USD/JPY jumps to 2-week tops amid reviving USD demand
• Resurgent USD demand helps regain traction.
• Fading safe-haven demand provides an additional boost.
• Comments by St. Louis Fed President Bullard capped additional gains.
The USD/JPY pair reversed a modest dip to session low level of 112.28 and jumped to 2-week tops during the early NA session.
A fresh wave of US Dollar buying interest, backed by a modest rebound in the US Treasury bond yields, lifted the pair back into positive territory for the fourth consecutive session.
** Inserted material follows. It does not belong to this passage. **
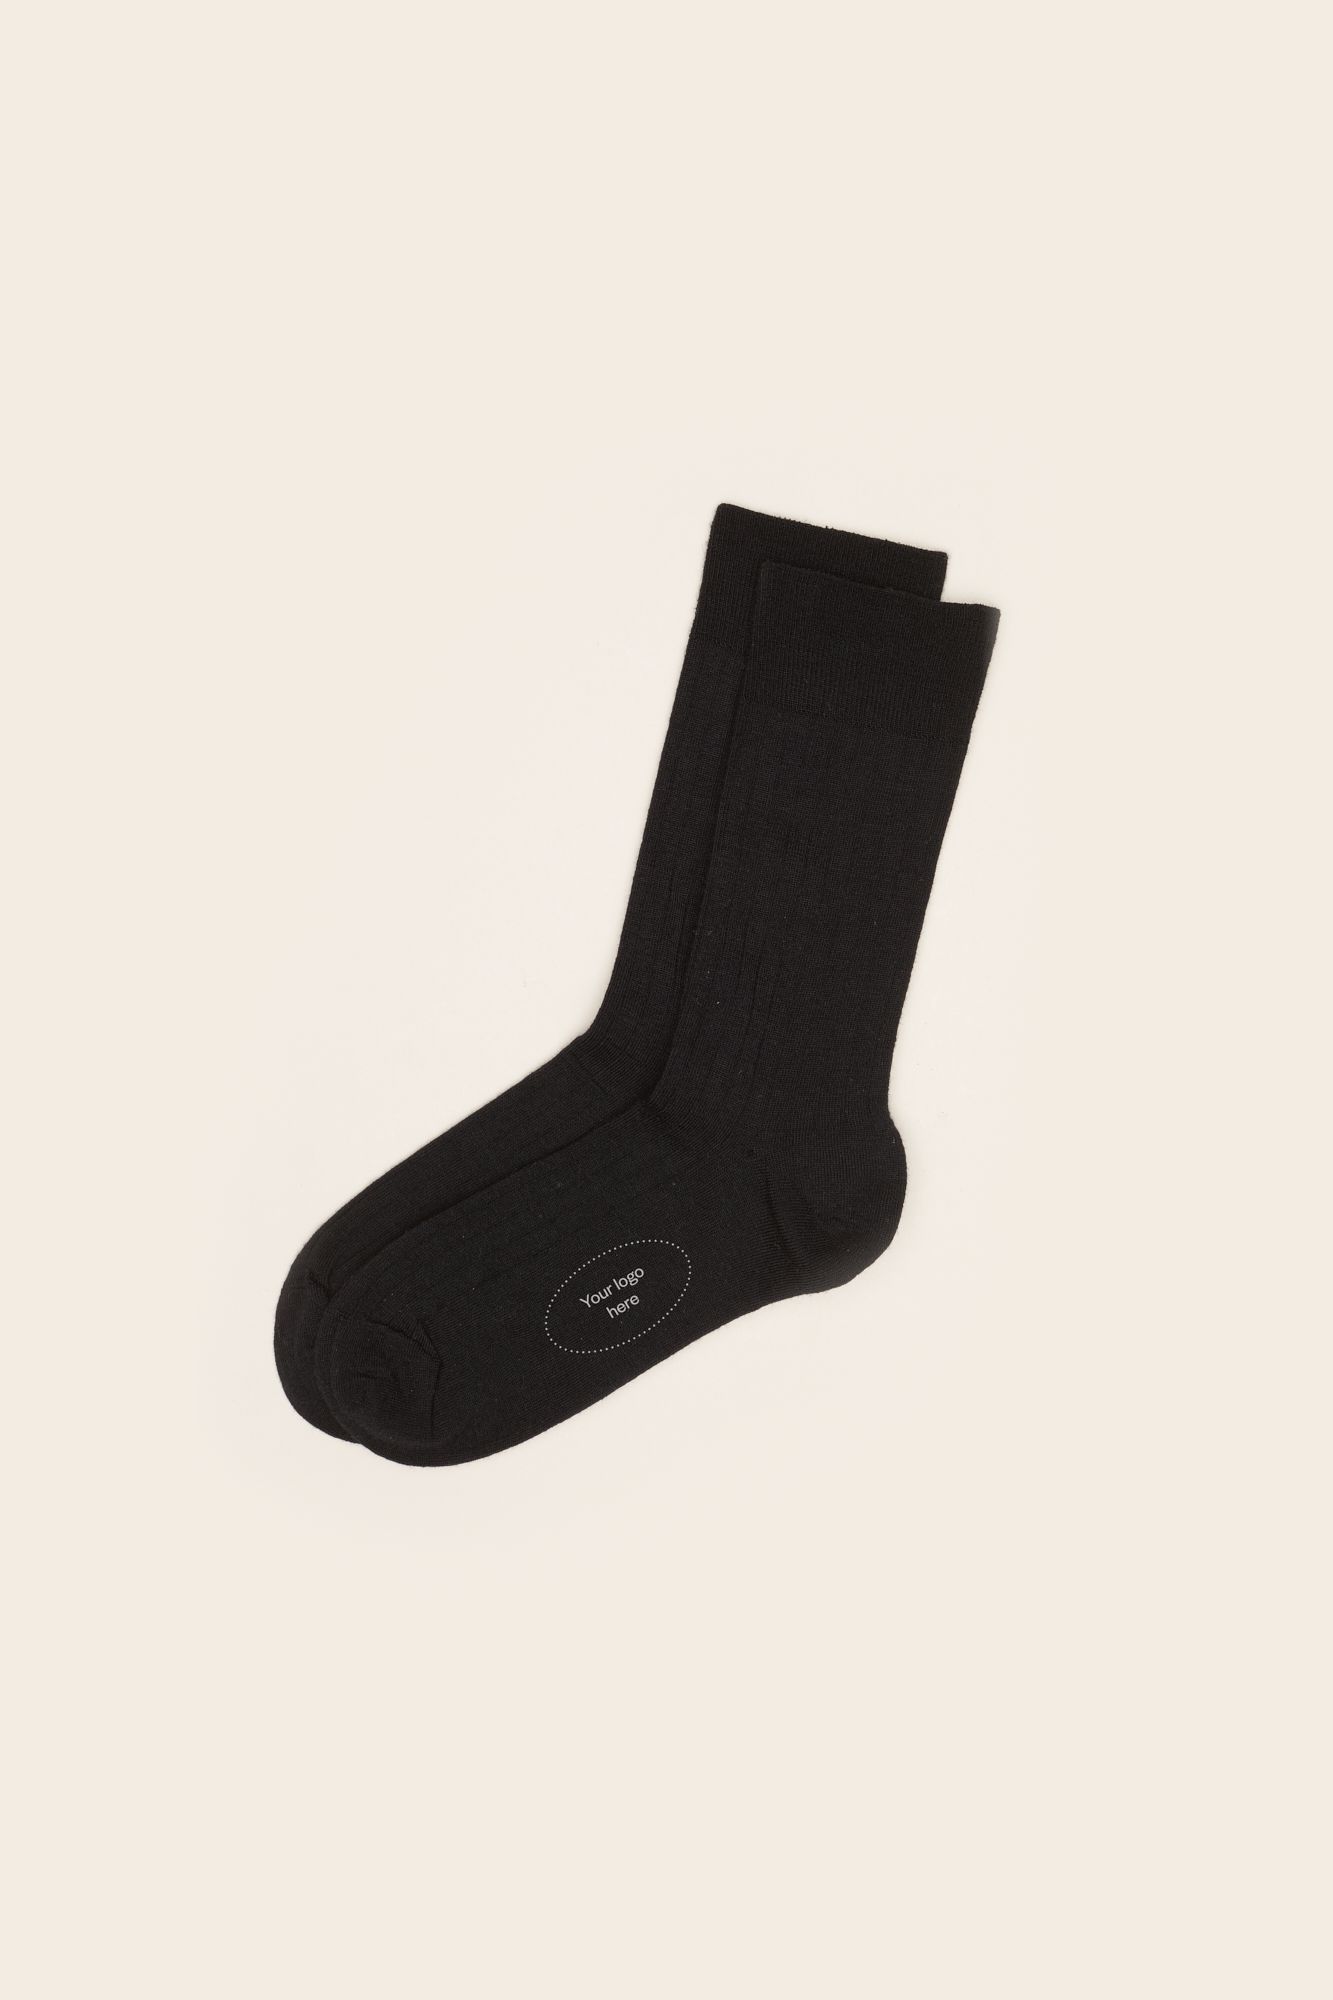 11) Wool socks_black.jpg

Adding to this, a goodish recovery in equity markets, with the German DAX recovering around 1% from lows, further dented the Japanese Yen's safe-haven appeal and also collaborated to the pair's sharp up-move over the past hour.
Meanwhile, some bearish comments by St. Louis Fed President James Bullard, saying that the Fed should refrain from raising short-term interest rates amid weaker inflationary pressure, now seems to have capped additional gains, at least for the time being.
Other influential FOMC members, due to speak on Friday, include Dallas Fed President Robert Steven Kaplan and Philly Fed President Patrick Harker, which along with the US ISM manufacturing PMI would now be looked upon for some fresh bullish impetus.
Valeria Bednarik, American Chief Analyst at FXStreet writes, "the 4 hours chart shows that the pair holds above its 100 SMA, but barely, while technical indicators hold near overbought readings, trying to regain the upside without momentum and below previous highs. Upcoming direction will depend as usual on yields' behavior, although a retracement in Wall Street after the last two-day rally, could undermine the potential upward on this last day of the week."